Résumé de la décision
Le 14 avril 2021, la Chambre criminelle de la Cour de cassation a rendu une décision concernant le pourvoi formé par M. [I] [Y] contre un arrêt de la cour d'appel de Limoges du 18 décembre 2019. M. [I] [Y] avait été condamné à dix-huit mois d'emprisonnement, dont six mois avec sursis et mise à l'épreuve, pour des violences aggravées en récidive. La Cour de cassation a déclaré le pourvoi non admis, concluant qu'aucun moyen de nature à permettre l'admission du pourvoi n'existait.
Arguments pertinents
Dans sa décision, la Cour de cassation a principalement statué sur la recevabilité du pourvoi. Elle a exercé un contrôle sur les pièces de procédure et a constaté l'absence de moyens juridiques substantiels pouvant justifier l'admission du recours. Cela souligne l'importance du respect des conditions de recevabilité dans le cadre de la procédure pénale. La Cour a affirmé :
> "la Cour de cassation constate qu'il n'existe, en l'espèce, aucun moyen de nature à permettre l'admission du pourvoi."

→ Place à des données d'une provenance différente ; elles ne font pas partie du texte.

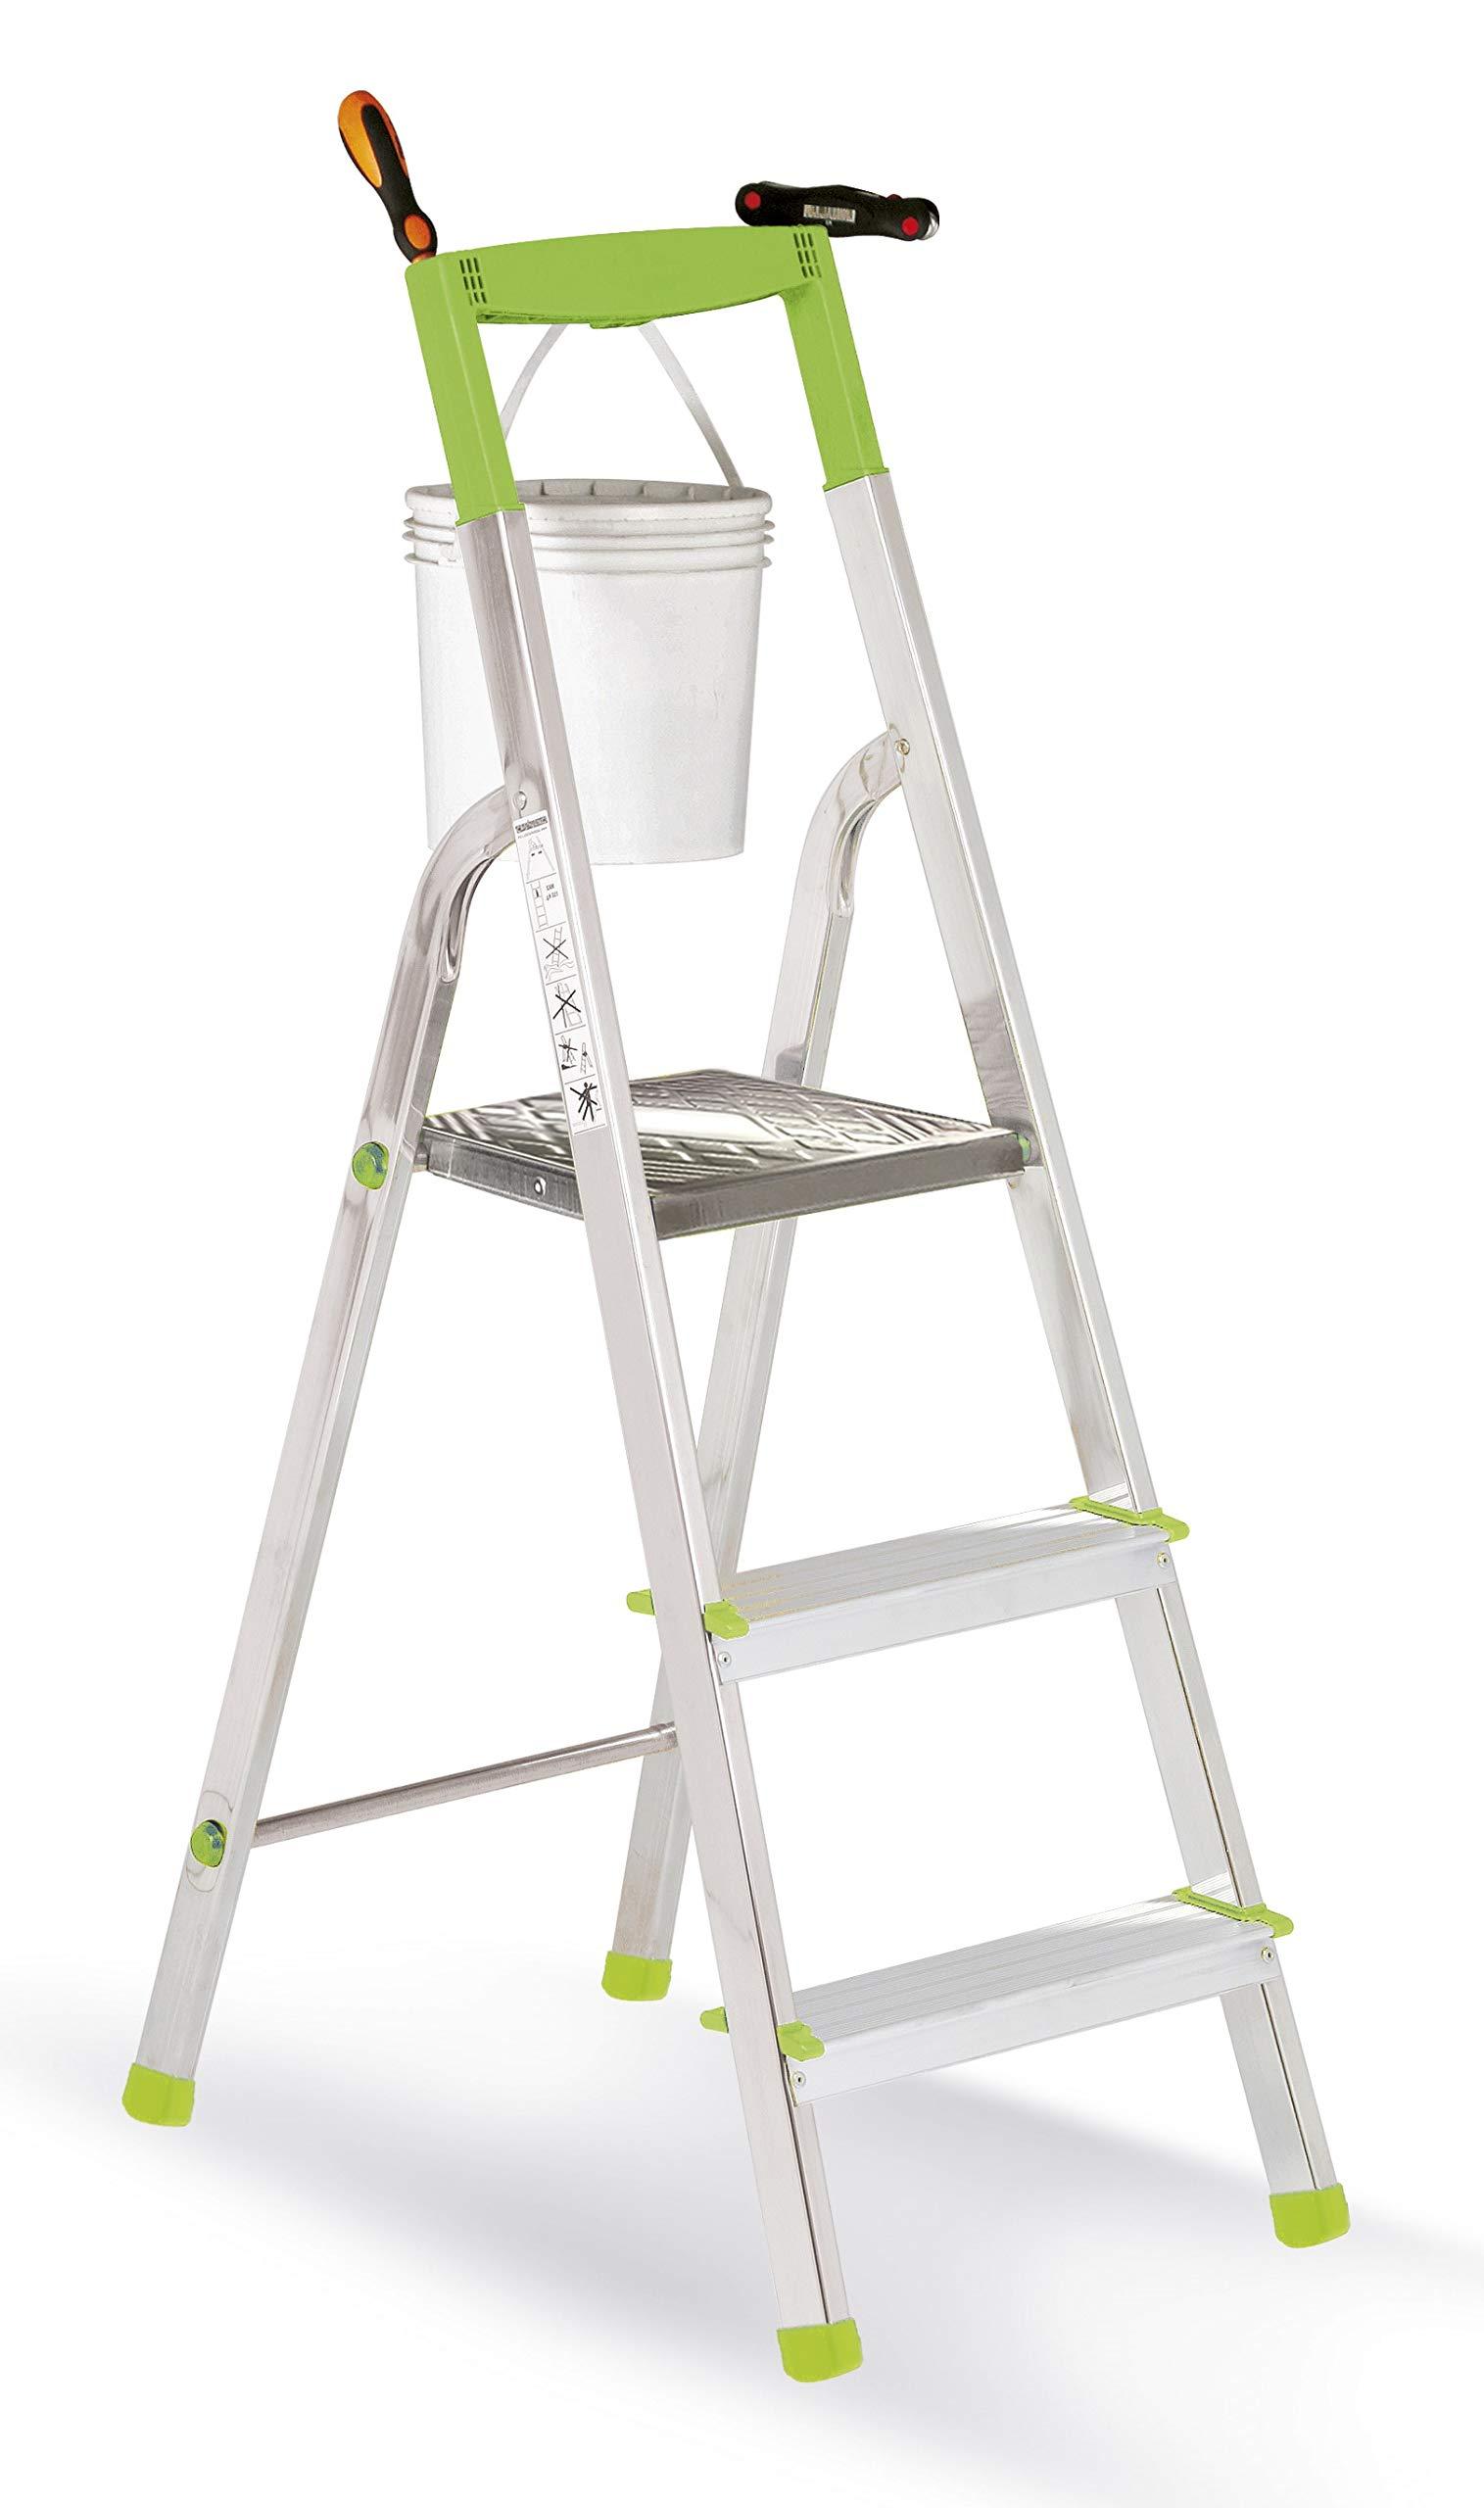 casabriko 11033 escalera doméstica de aluminio de 3 peldaños, verde: Amazon.es: Hogar

Cet énoncé met en évidence que le pourvoi doit être fondé sur des arguments clairs et solides pour être examiné.
Interprétations et citations légales
Dans le cadre de son analyse, la Cour de cassation a appliqué l'article 567-1-1 du code de procédure pénale, qui régit les conditions de recevabilité des pourvois devant la cour. Cet article stipule :
> "Après avoir examiné tant la recevabilité du recours que les pièces de procédure, la Cour de cassation constate qu'il n'existe, en l'espèce, aucun moyen de nature à permettre l'admission du pourvoi."
Cela implique que la Cour a une obligation de vérifier non seulement les arguments avancés, mais aussi la conformité de ces derniers avec les dispositions légales applicables. Cette disposition souligne un principe fondamental en matière de droit pénal : la nécessité d'établir des motifs pertinents et admissibles pour contester une décision judiciaire.
En conclusion, la décision de la Cour de cassation rappelle que les voies de recours doivent être exercées avec un fondement juridique solide, et que la Cour se réserve le droit de rejeter toute demande qui ne répond pas à ces exigences.